[INPUT]
━━━━━━━━

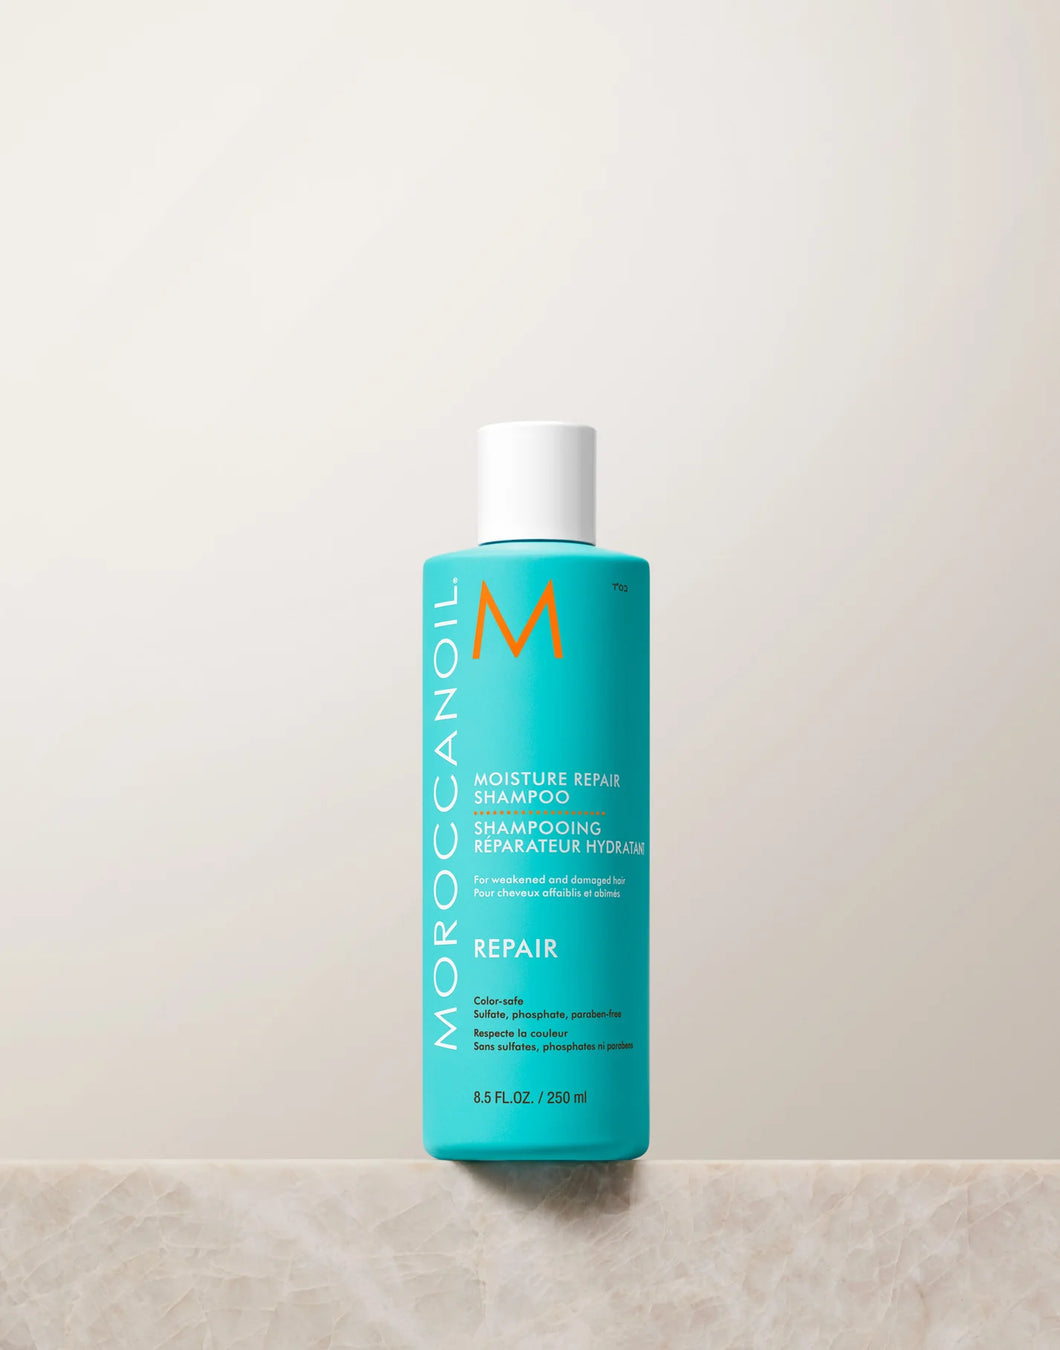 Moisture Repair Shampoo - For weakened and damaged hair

━━━━━━━━

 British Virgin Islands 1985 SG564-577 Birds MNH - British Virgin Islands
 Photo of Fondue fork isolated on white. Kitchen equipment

━━━━━━━━

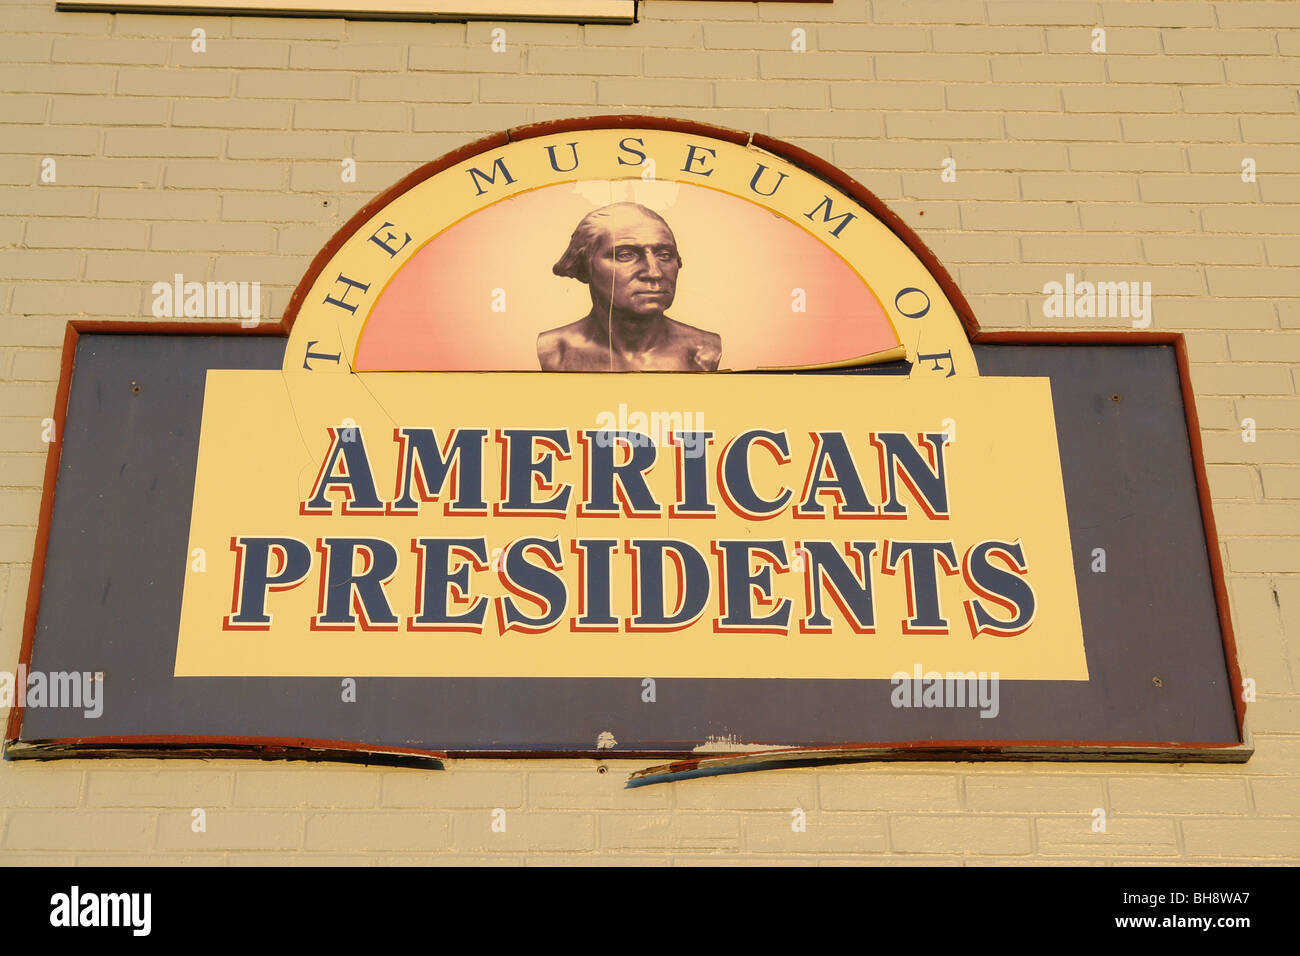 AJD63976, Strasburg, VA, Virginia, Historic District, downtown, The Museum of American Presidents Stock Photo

━━━━━━━━

[WORK TO BE COMPLETED]
Reproduce exactly the section above that begins at the line containing "British Virgin Islands 1985" and ends at the line containing "Photo of Fondue", leaving out all other lines.

[RESULT]
 British Virgin Islands 1985 SG564-577 Birds MNH - British Virgin Islands
 Photo of Fondue fork isolated on white. Kitchen equipment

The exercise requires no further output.